The permanent past created by the Internet has increased the availability of information that can be used to judge people. Professor Lior Jacob Strahilevitz discusses the effect of this flood of information on reputation and exclusion in his article Reputation Nation: Law in an Era of Ubiquitous Personal Information. The ability of a Google search or social networking site to deliver personal information allow people to factor online and real world reputation into decision making in a way that was not feasible years ago. Lior Jacob Strahilevitz, Reputation Nation: Law in an Era of Ubiquitous Personal Information, 102 Nw. U. L. Rev. 1667, 1671 (2008). Strahilevitz discusses both the positive and negative ramifications of this information surplus but other scholars have focused on its negative effects on offline lives. Professor Daniel Solove in The Future of Reputation: Gossip, Rumor, and Privacy on the Internet describes many of these concerns. Solove relates many stories of the negative ramifications of online information, such a girl who refusal to pick up her dog’s waste led to her pictures becoming famous online. A commenter on a blog which discussed this picture stated “Right or wrong, the [I]nternet is a cruel historian.” Solove states that the ability of information, especially that which is considered scandalous or interesting, to spread quickly and become permanent has distorted how we judge people. Many different types of people (family, friends, employers, etc.) can evaluate other using personal information and gossip that many would consider to be unfair factors in such an evaluation. One inappropriate Facebook picture or malicious blog post can haunt someone for the rest of their lives.

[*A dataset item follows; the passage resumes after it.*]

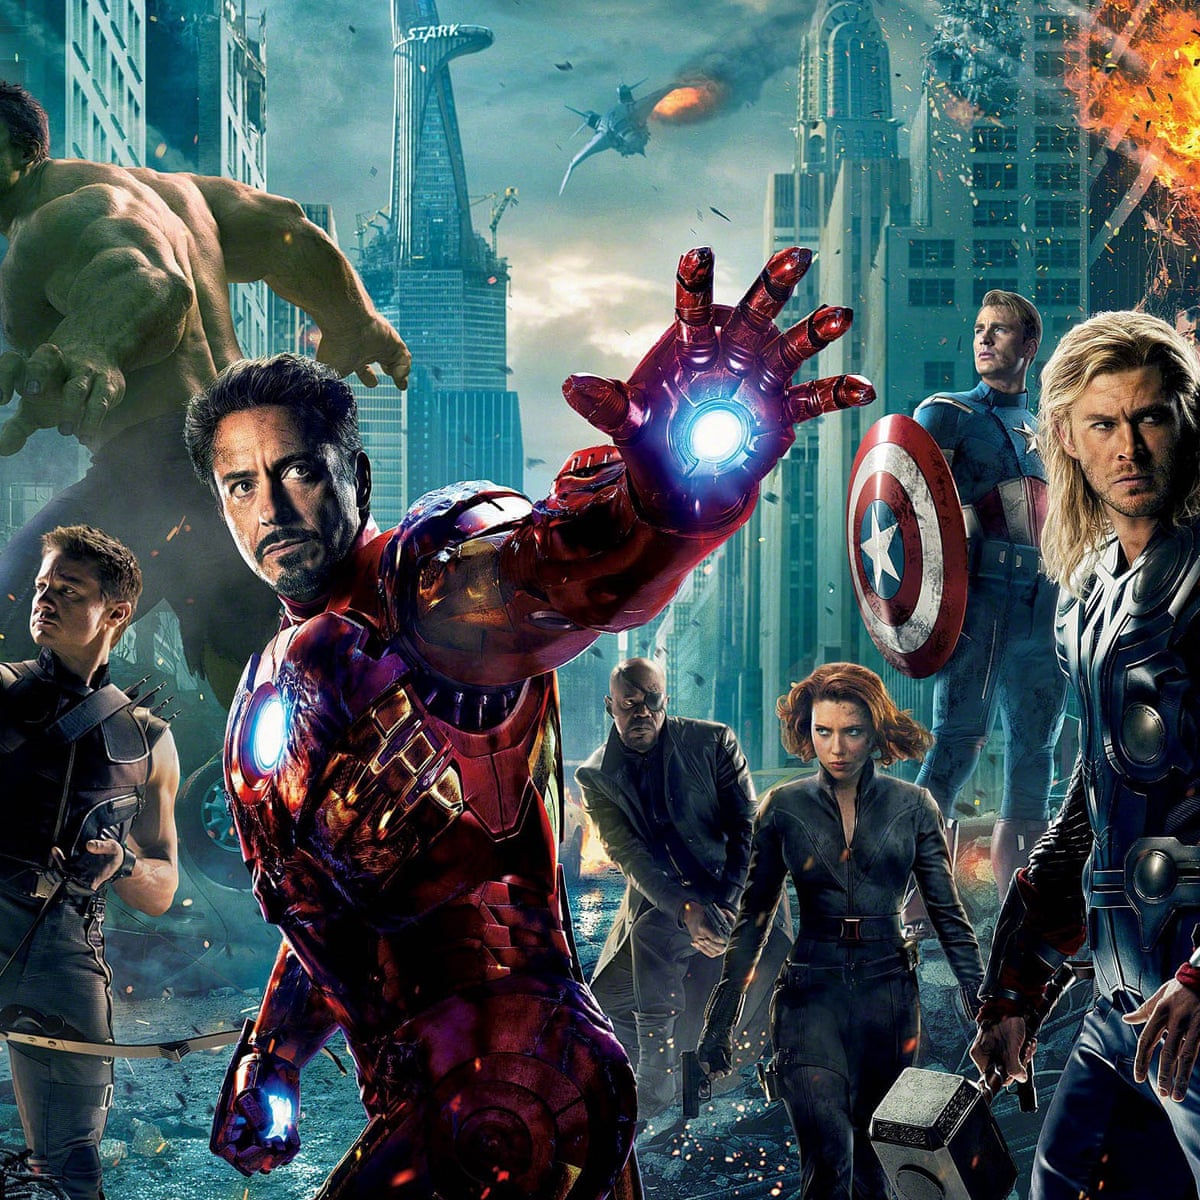 Avengers disassemble: is Marvel's cinematic universe set for a reboot? |  Avengers: Infinity War | The Guardian

Soloye notes that “disclosure can also be harmful because it makes a person a "pris-oner of [her] recorded past." People grow and change, and disclo-sures of information from their past can inhibit their ability to reform their behavior, to have a second chance, or to alter their life's direc-tion. Moreover, when information is released publicly, it can be used in a host of unforeseeable ways, creating problems related to those caused by secondary use. P. 533. Lior Strahilevitz aptly observes that disclosure involves spreading information beyond existing networks of information flow.311 The harm of disclosure is not so much the elimination of secrecy as it is the spreading of information beyond expected boundaries. P. 535. Daniel J. Solove, A Taxonomy of Privacy, University of Pennsylvania Law Review, Vol. 154, No. 3 (Jan., 2006), pp. 477-564, Stable URL: http://www.jstor.org/stable/40041279 .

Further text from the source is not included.